Alberta : entretien et soutien familial
La partie 5 de la Wills and Succession Act de l'Alberta permet à un membre de la famille défini, soit un conjoint, un partenaire interdépendant adulte, un enfant mineur, un enfant adulte incapable de subvenir à ses besoins en raison d'un handicap, un enfant étudiant à temps plein de moins de 22 ans, ou certains petits-enfants envers qui le défunt tenait lieu de parent, de présenter une demande lorsqu'un testament ou une part ab intestat laisse une provision inadéquate. Une demande doit généralement être introduite dans les six mois suivant l'octroi de l'homologation ou des lettres d'administration, bien que le tribunal puisse permettre une demande ultérieure contre toute partie non distribuée de la succession.
Province par province : le recours principal et son délai
| Province | Recours principal | Délai habituel à compter de l'octroi |
|---|---|---|
| Ontario | Soutien de la personne à charge, Succession Law Reform Act, partie V | 6 mois |
| Colombie-Britannique | Demande de modification du testament, WESA, article 60 | 180 jours (strict) |
| Alberta | Entretien et soutien familial, Wills and Succession Act, partie 5 | 6 mois |
| Nouvelle-Écosse | Soutien de la personne à charge, Testators' Family Maintenance Act | Plus court que dans la plupart des provinces, quelques mois |
| Saskatchewan | Créance alimentaire des personnes à charge, The Dependants' Relief Act | Environ 6 mois |
| Manitoba | Créance alimentaire des personnes à charge, The Dependants Relief Act | Environ 6 mois |
| Nouveau-Brunswick | Provision pour les personnes à charge, Provision for Dependants Act | Environ 6 mois |
| Île-du-Prince-Édouard | Créance alimentaire des personnes à charge, Dependants of a Deceased Person Relief Act | Environ 6 mois |
| Québec | Demande de soutien contre la succession, plus partage du patrimoine familial; pas de recours général de modification | Régi par les règles du Code civil, pas de délai fixe en mois à compter de l'homologation |
La plupart des provinces permettent à un tribunal de prolonger le délai dans des circonstances limitées, généralement seulement à l'égard des biens de la succession non encore distribués, et le délai de 180 jours de la Colombie-Britannique est appliqué strictement. Vérifiez le libellé exact et actuel dans la loi propre à la province avant de vous fier à un nombre précis de jours, puisque les dispositions relatives à la prescription peuvent être modifiées.

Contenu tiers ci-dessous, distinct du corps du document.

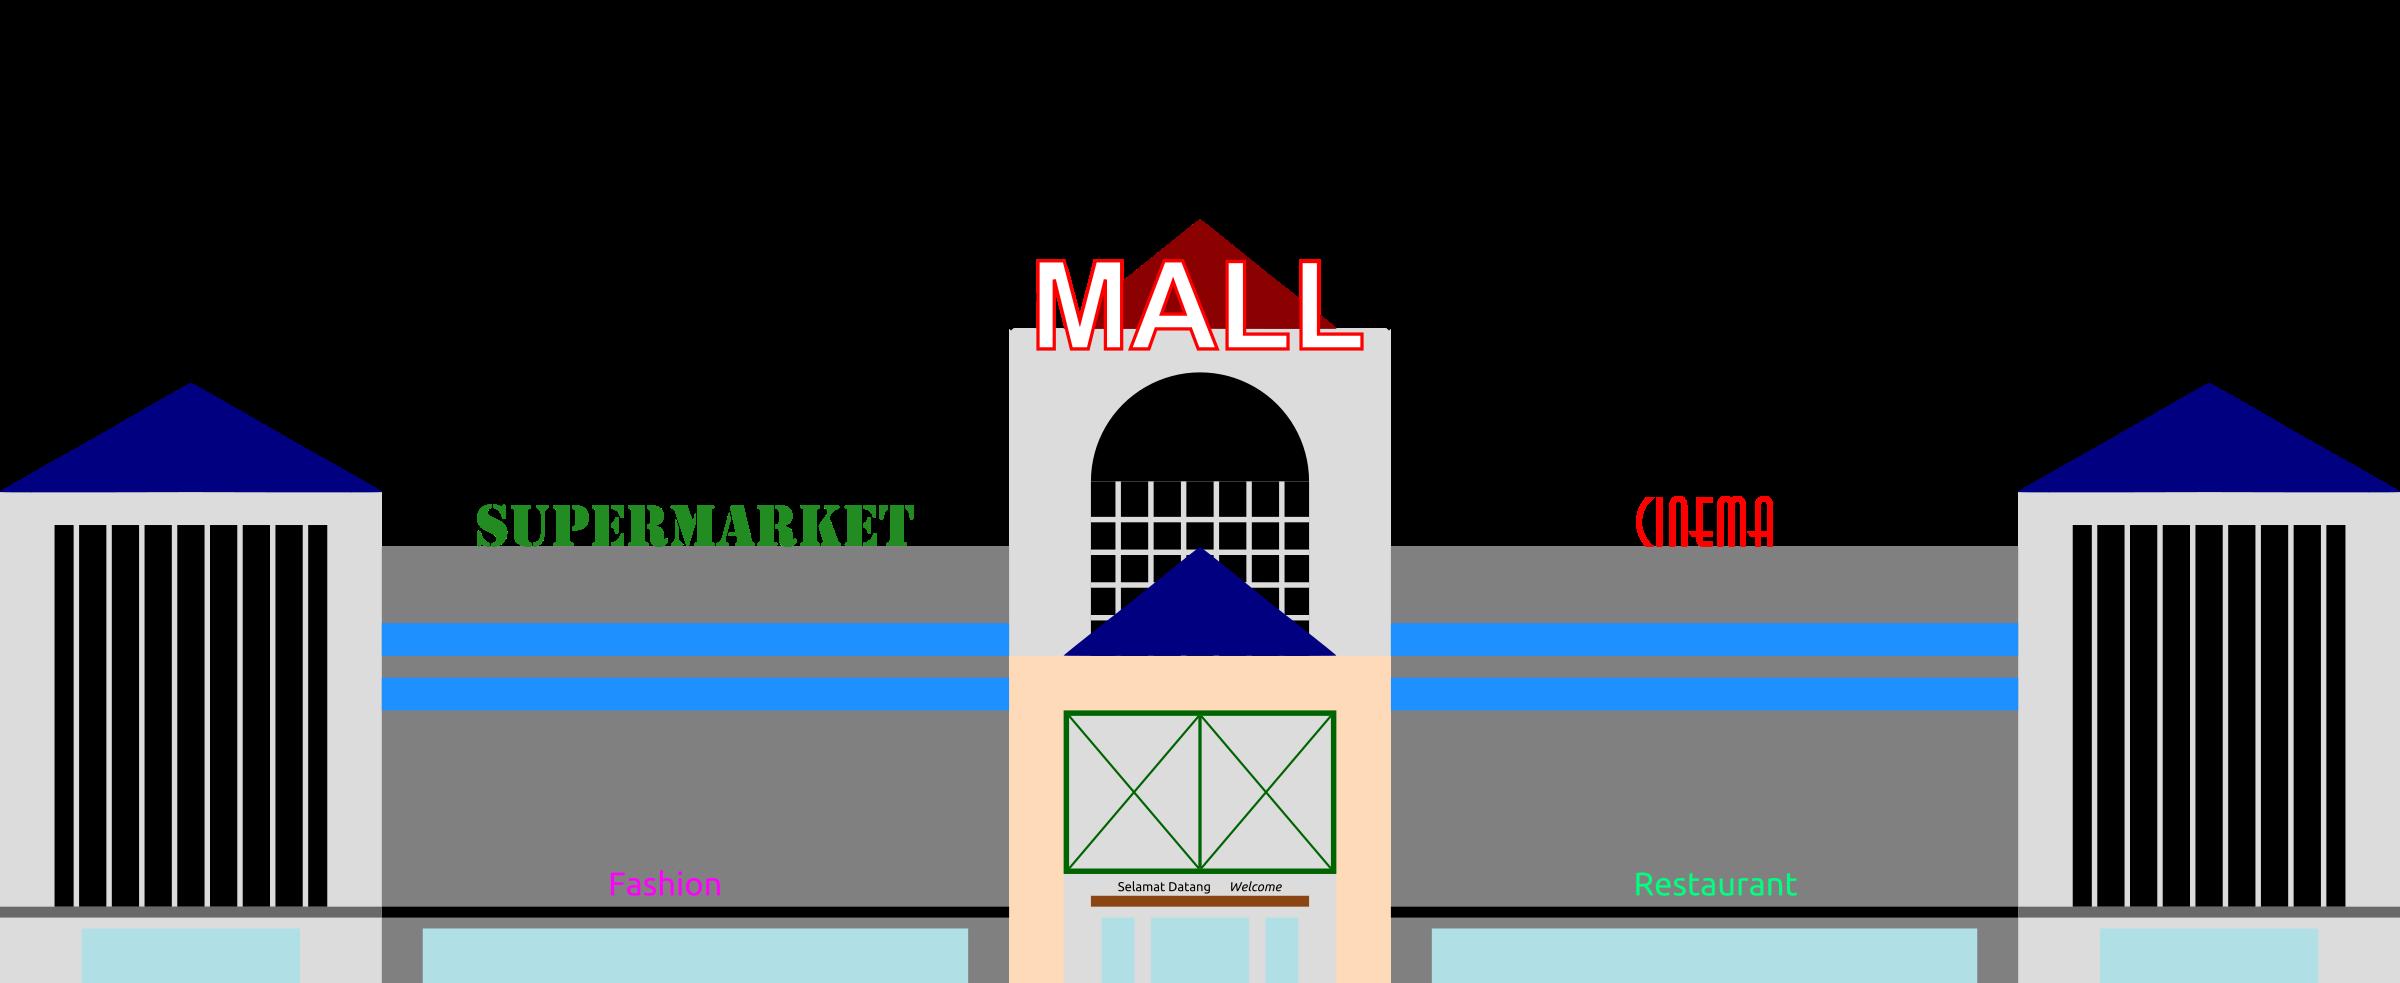 restaurants clipart mall building #140979183

Québec : un cadre entièrement différent
La tradition de droit civil du Québec n'a pas d'équivalent au recours de créance alimentaire des personnes à charge ou de modification du testament des provinces de common law. La liberté du testateur de disposer de ses biens par testament est réelle mais non absolue; elle est encadrée principalement par deux mécanismes distincts. Premièrement, le partage du patrimoine familial divise certains biens familiaux, notamment la résidence familiale, les véhicules et l'épargne-retraite accumulée pendant le mariage ou l'union civile, entre les conjoints, peu importe ce que prévoit le testament. Deuxièmement, un conjoint survivant ou un enfant à qui le défunt devait des aliments peut présenter une demande de soutien contre la succession elle-même. Aucun de ces mécanismes ne ressemble à un tribunal de common law qui redessine les dispositions d'un testament selon une norme générale d'équité.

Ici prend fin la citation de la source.